Monsieur le président, monsieur le secrétaire d’État, chers collègues, d’après l’ADEME, le gaspillage alimentaire a été multiplié par deux depuis 1974. Il représente aujourd’hui dans la consommation des ménages vingt kilos par an et par personne de déchets, dont sept kilos de déchets alimentaires non consommés encore emballés, soit un coût de 100 à 160 euros par an et par personne.
Sans tomber dans la démagogie, ce gaspillage invite à la réflexion sur notre société de surconsommation, sur notre volonté ou pas de maîtriser celle-ci. De façon plus pragmatique, nous devons nous interroger sur les outils à mettre en place pour éduquer à une meilleure consommation, c’est-à-dire une consommation maîtrisée.
Les collectivités locales sont directement concernées par le gaspillage alimentaire en tant que gestionnaires de la restauration scolaire, en raison des actions menées dans le cadre de leurs compétences dans le domaine des affaires sociales ou encore du fait de leurs relations de proximité avec les acteurs de la solidarité. Depuis 2010, dans le cadre de l’Agenda 21, l’agglomération du Havre, par exemple, s’est engagée dans une démarche de lutte contre le gaspillage alimentaire, initialement dans le cadre de la prévention des déchets.
Ainsi, nous nous sommes attachés à mettre en place des actions de prévention par l’éducation jusqu’à l’installation de composteurs dans les écoles.
Dans nos cantines scolaires, où sont servis 8 600 repas quotidiennement, nous avons mis en place une politique alimentaire qui a permis de créer des réflexes naturels pour éviter le gâchis : confection sur place à partir de produits issus de la filière courte, enfants servis à table par petite quantité, menus variés… Les enfants de primaire sont aussi invités à des ateliers pédagogiques spécifiques. Les restes de stocks sont distribués en fin d’année à la Banque alimentaire.
En parallèle, pour réduire le gaspillage alimentaire domestique, des actions pédagogiques auprès des familles sont organisées. Elles prennent la forme non seulement de supports pratiques, tels qu’un livret de recettes, une liste de course ou un fascicule sur le rangement du frigidaire, mais aussi d’ateliers culinaires sur l’art d’accommoder les restes. Au-delà de la maîtrise du gaspillage, j’y vois un outil pour maîtriser son budget, éduquer à une alimentation équilibrée et à l’art de partager un repas cuisiné autour d’une table.
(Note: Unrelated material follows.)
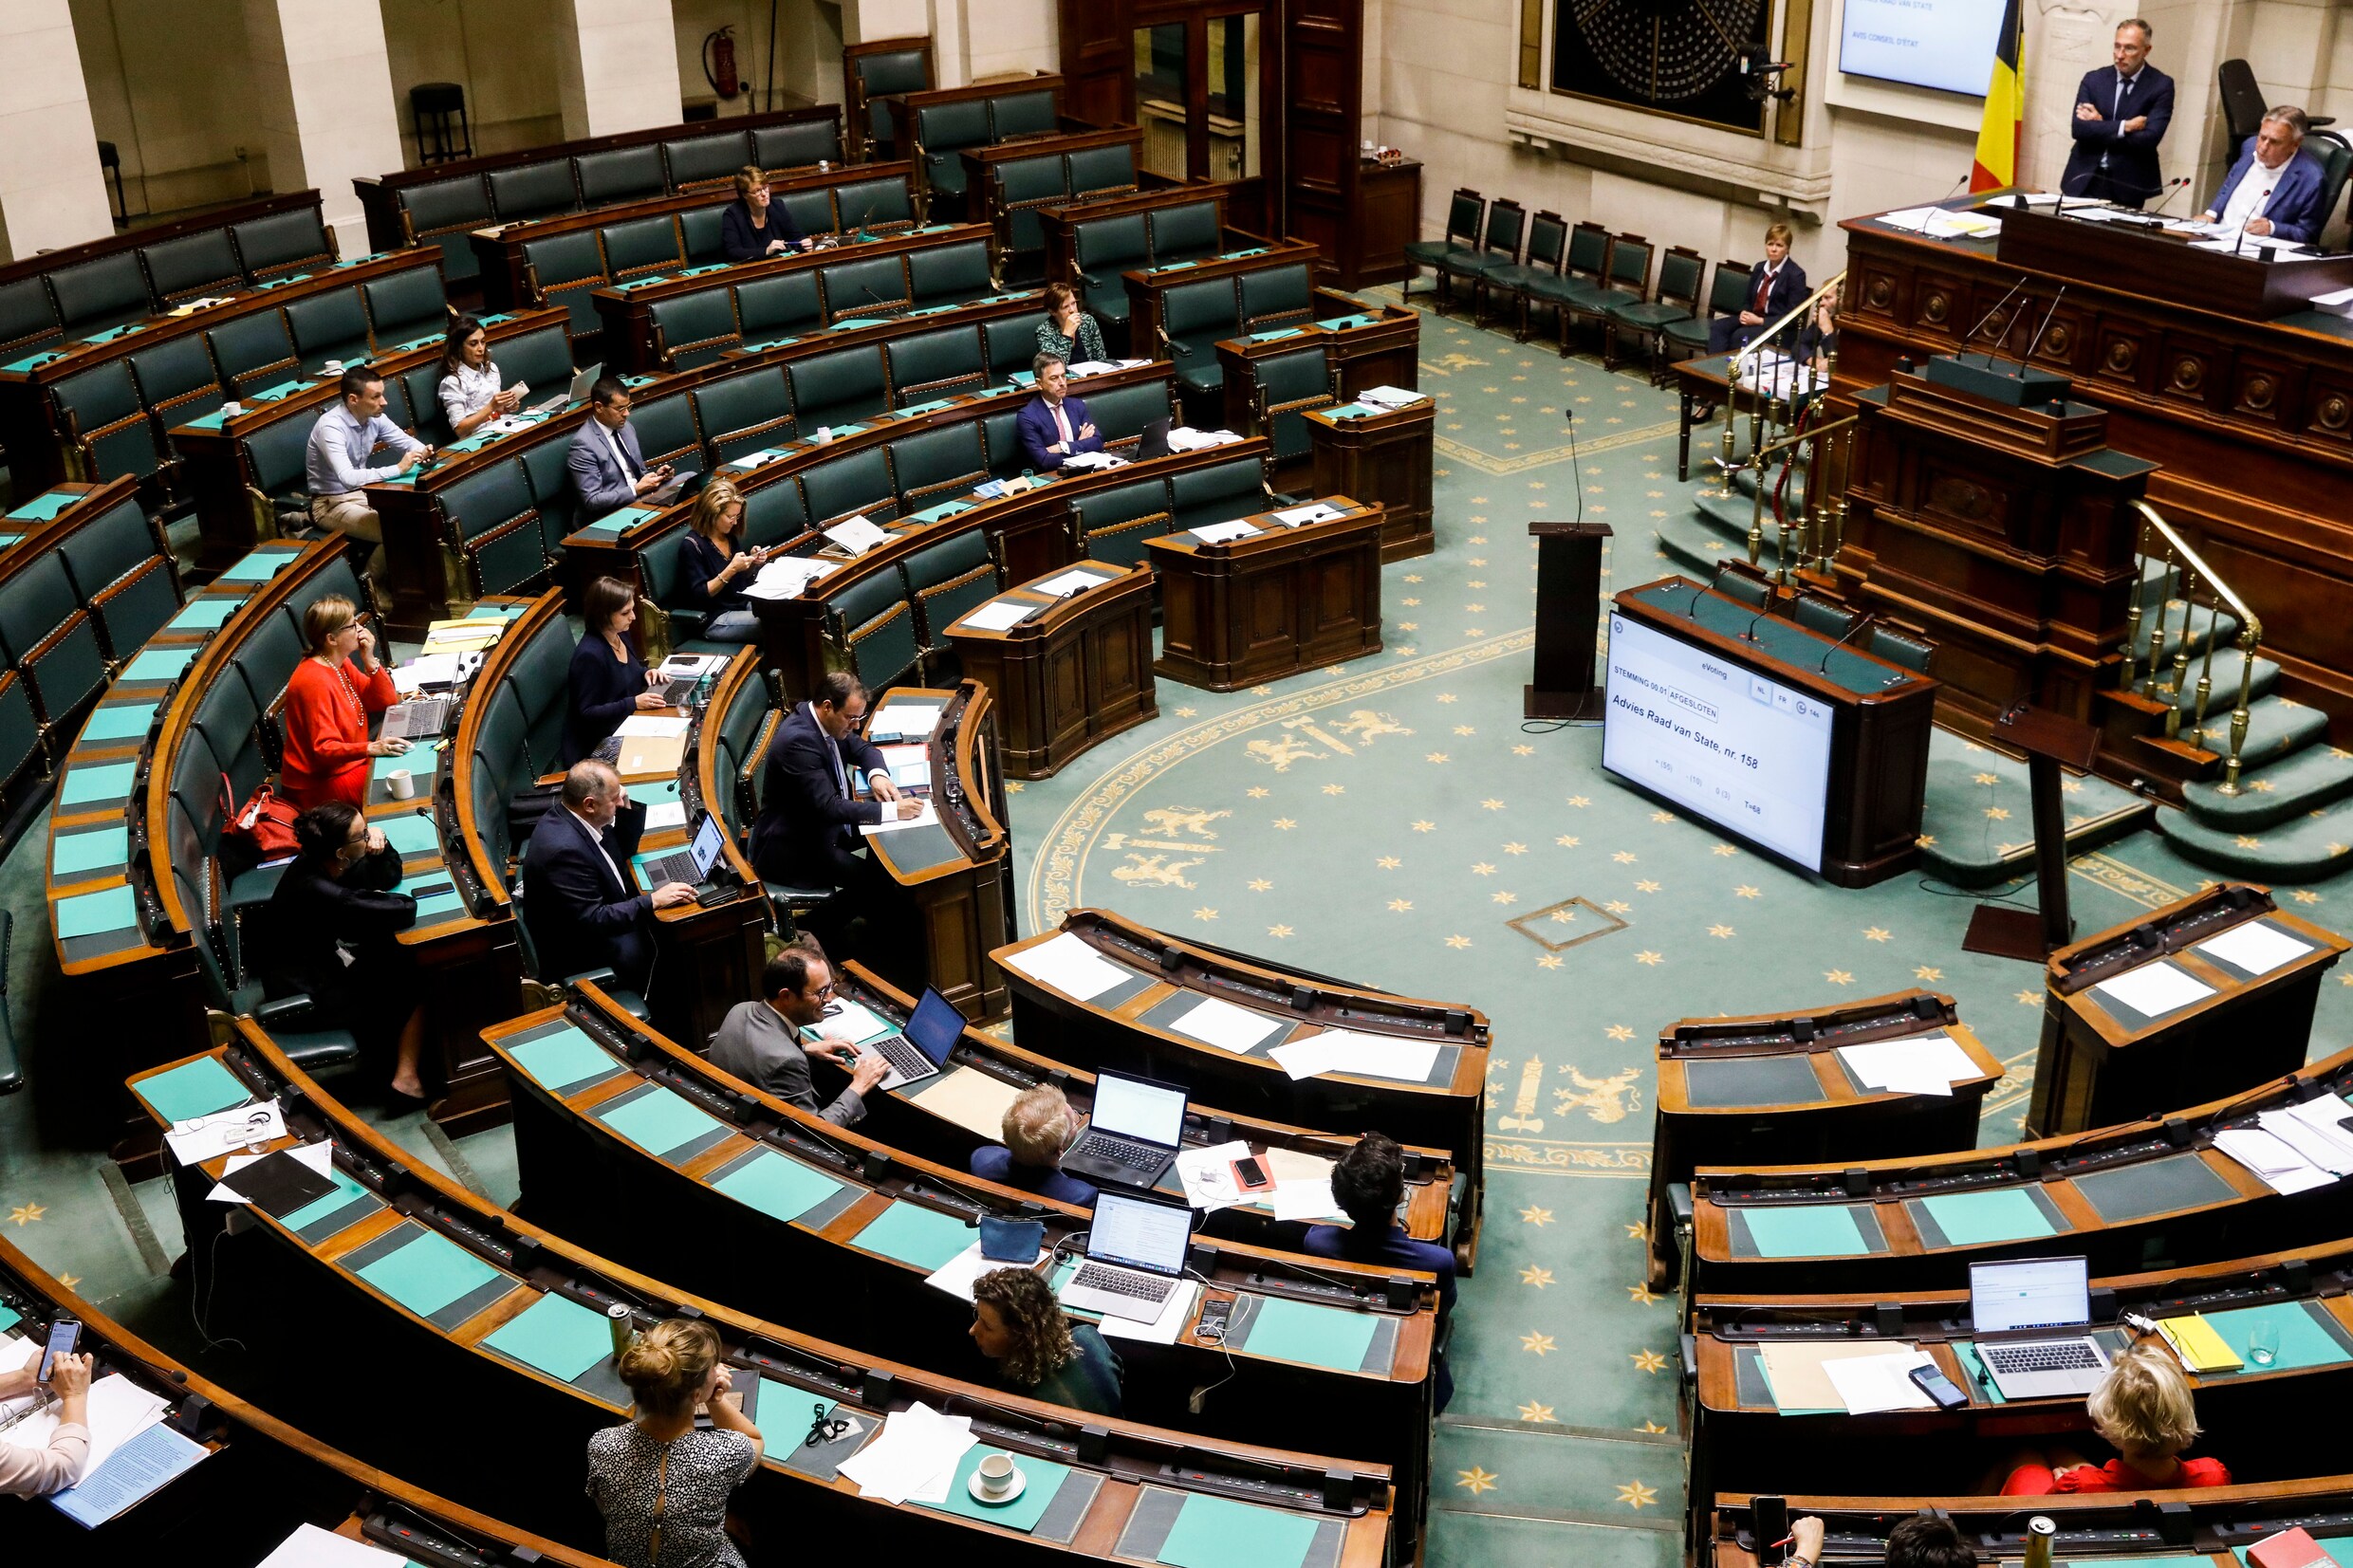 Raad van State geeft positief advies voor uitbreiding abortus: volgende week nieuwe poging tot stemming in Kamer?

À l’heure où le nombre de bénéficiaires de la distribution alimentaire augmente, les associations qui collectent ont besoin de plus en plus de denrées. Si la proposition de loi Garot sécurise les dons des invendus aux associations caritatives, une incertitude n’en demeure pas moins quant à la qualité des dons effectués. J’entends par ce terme la problématique des dates limites d’utilisation optimale et des dates limites de consommation.
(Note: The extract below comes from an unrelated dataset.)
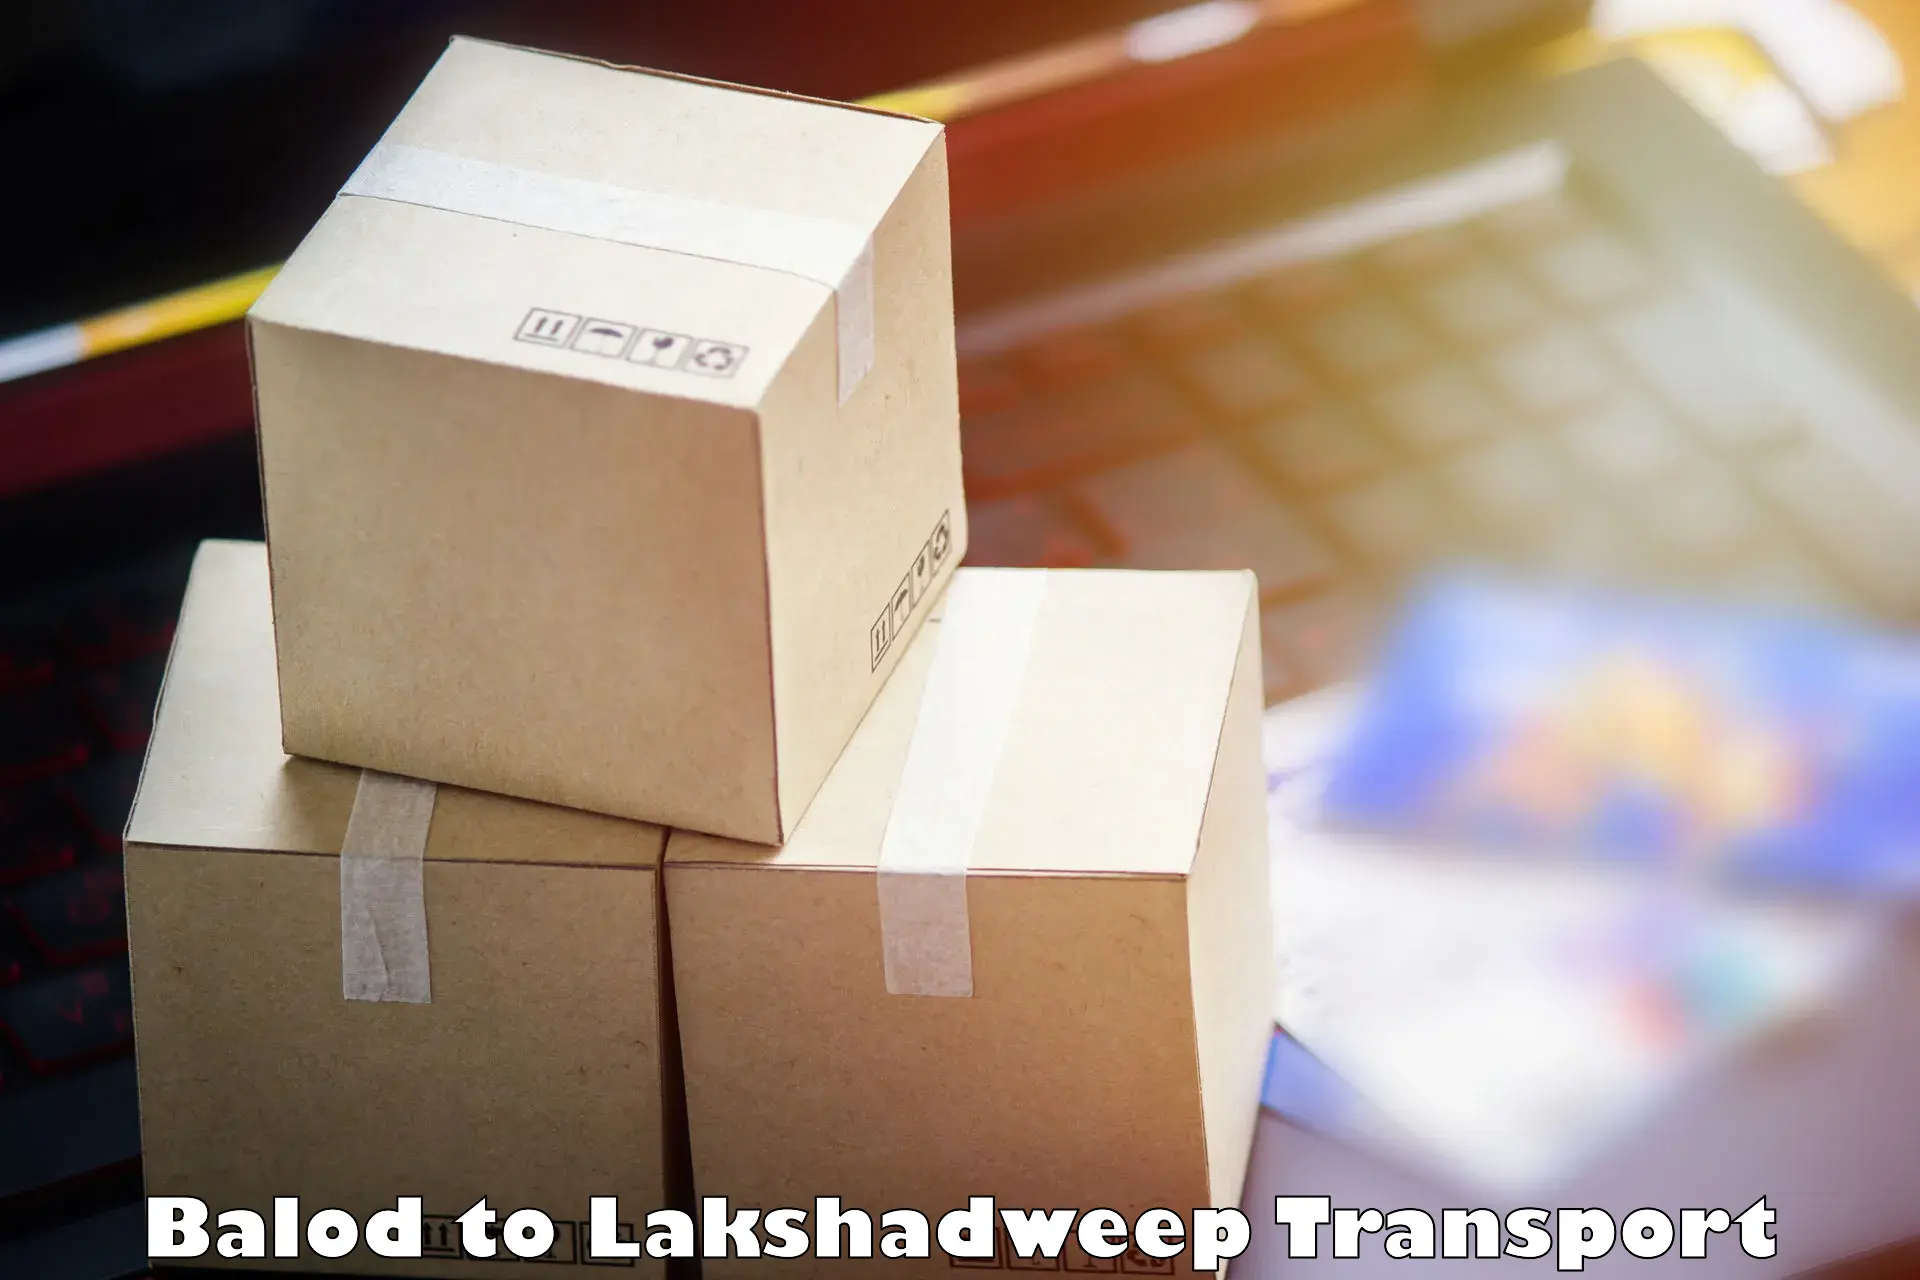 Daily transport service Balod to Lakshadweep

Le transfert obligatoire des invendus des grandes surfaces vers les associations locales doit impérativement être encadré avec précision, de sorte que les associations caritatives ne deviennent pas les « poubelles » des entreprises de distribution. Il importe que la responsabilité du gâchis alimentaire ne soit pas transférée vers les associations caritatives, qui seraient dans l’impossibilité de gérer des stocks imprévisibles. En effet, les partenariats existant aujourd’hui entre acteurs de la grande distribution et associations caritatives montrent que, dans la majorité des cas, les denrées alimentaires mises à disposition ont des dates limites d’utilisation optimale dépassées et des dates limites de consommation très proches. Il en résulte que de nombreuses denrées sont jetées par les bénéficiaires du fait de leur non-connaissance de la signification des dates.
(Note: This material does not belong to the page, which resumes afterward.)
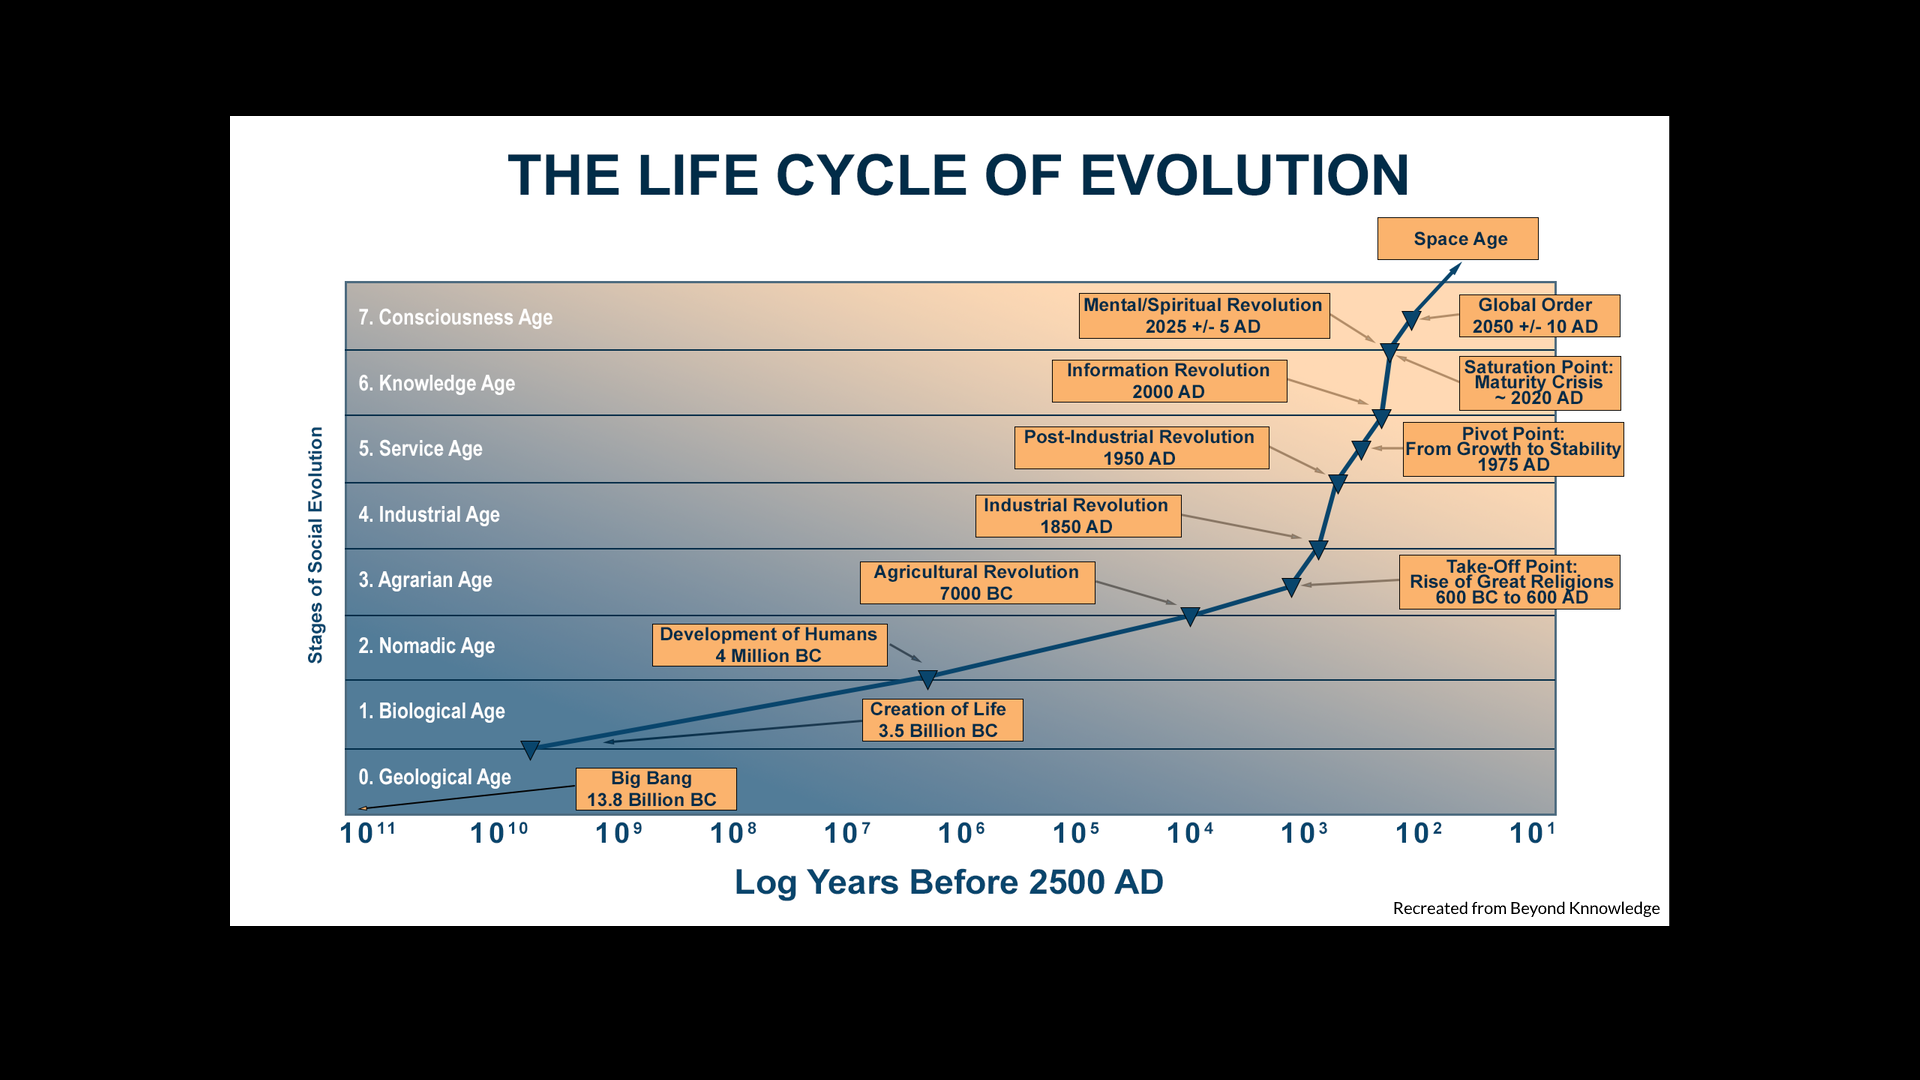 An image describing the lifecycle of evolution

Par ailleurs, les quantités excessives de produits ne trouvent pas toujours de destinataire. Il faudra donc être attentif et exigeant sur la prévention et travailler pour une meilleure connaissance des dates limites d’utilisation et de consommation. Il sera également nécessaire de donner aux associations caritatives les moyens de connaître en amont les stocks dont elles pourront bénéficier. Ce sont à mes yeux des actions fortes qui éviteront aussi le gaspillage alimentaire.
Je voterai donc ce texte qui, dans le contexte actuel de la précarisation de nombreuses personnes, apporte une réponse de bon sens et encourage à la solidarité de tous.